Induction of calbindin-D9k messenger RNA and protein by maternal exposure to alkylphenols during late pregnancy in maternal and neonatal uteri of rats.

Environmental chemicals are proposed to possess hormone-like properties, such as mimicking natural hormones, inhibiting the action of hormones, and inducing abnormal gene expression. Among environmental chemicals, the alkylphenol products (APs), octylphenol (OP) and nonylphenol (NP), are derived from alkylphenol ethoxylates and have been reported to be environmentally persistent. Thus, in the present study, we examined the effect of two APs, OP and NP, on the expression of Calbindin-D(9k) (CaBP-9k) following maternal exposure during late pregnancy in maternal and fetal uteri. Treatment with a high dose (600 mg/kg body weight [BW]) of OP and NP resulted in an induction of CaBP-9k mRNA at Day 5 of lactation, as did a single treatment with diethylstilbestrol (DES) and 17beta-estradiol (E2) in maternal uteri. The expression of CaBP-9k mRNA was also induced following treatment with a high dose (600 mg/kg BW) of OP, transferred from the mother, exposed to fetuses during late pregnancy, and persisted through Day 5 of lactation.
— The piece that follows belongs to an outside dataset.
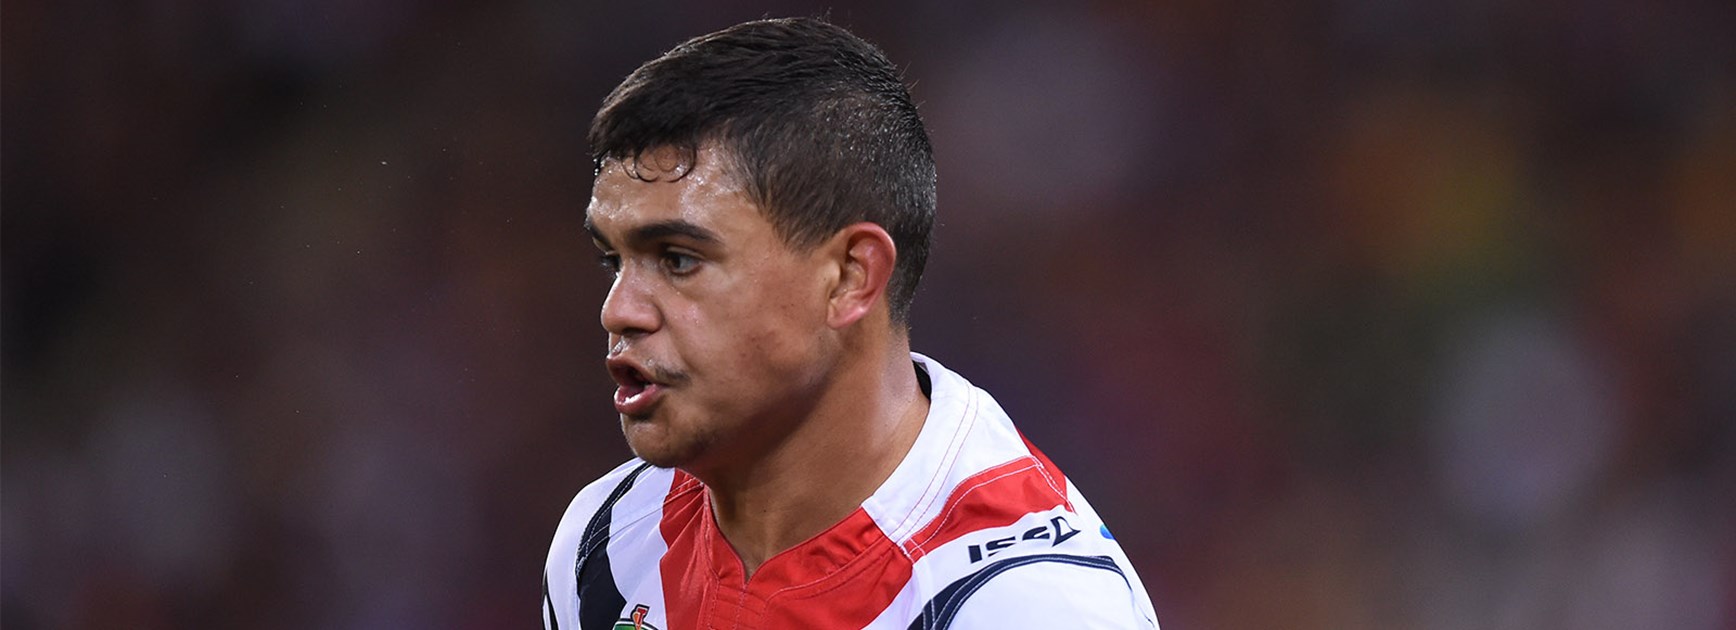 It wasn't a happy night for Latrell Mitchell against the Broncos in Round 6.

It is of interest that treatments with high doses of OP (400 and 600 mg/kg BW) reduced the expression of maternal estrogen receptor alpha (ERalpha) mRNA, as E2 did. However, all doses of NP resulted in an inhibition of neonatal ERalpha, while only the high does of OP (600 mg/kg BW) induced the reduction of neonatal ERalpha mRNA expression, as E2 did. Parallel to mRNA, the expression of CaBP-9k protein was significantly induced by treatment with a high dose of OP and NP. In conclusion, maternal exposure to APs, OP and NP, during late pregnancy increased the expressions of CaBP-9k mRNA and protein in maternal and neonatal uteri. These results suggest that the absorption and distribution of environmental estrogenic compounds in maternal and neonatal uteri are extremely rapid, and these chemicals can easily pass though the placenta during pregnancy to affect functions of neonatal reproductive tissues.[1]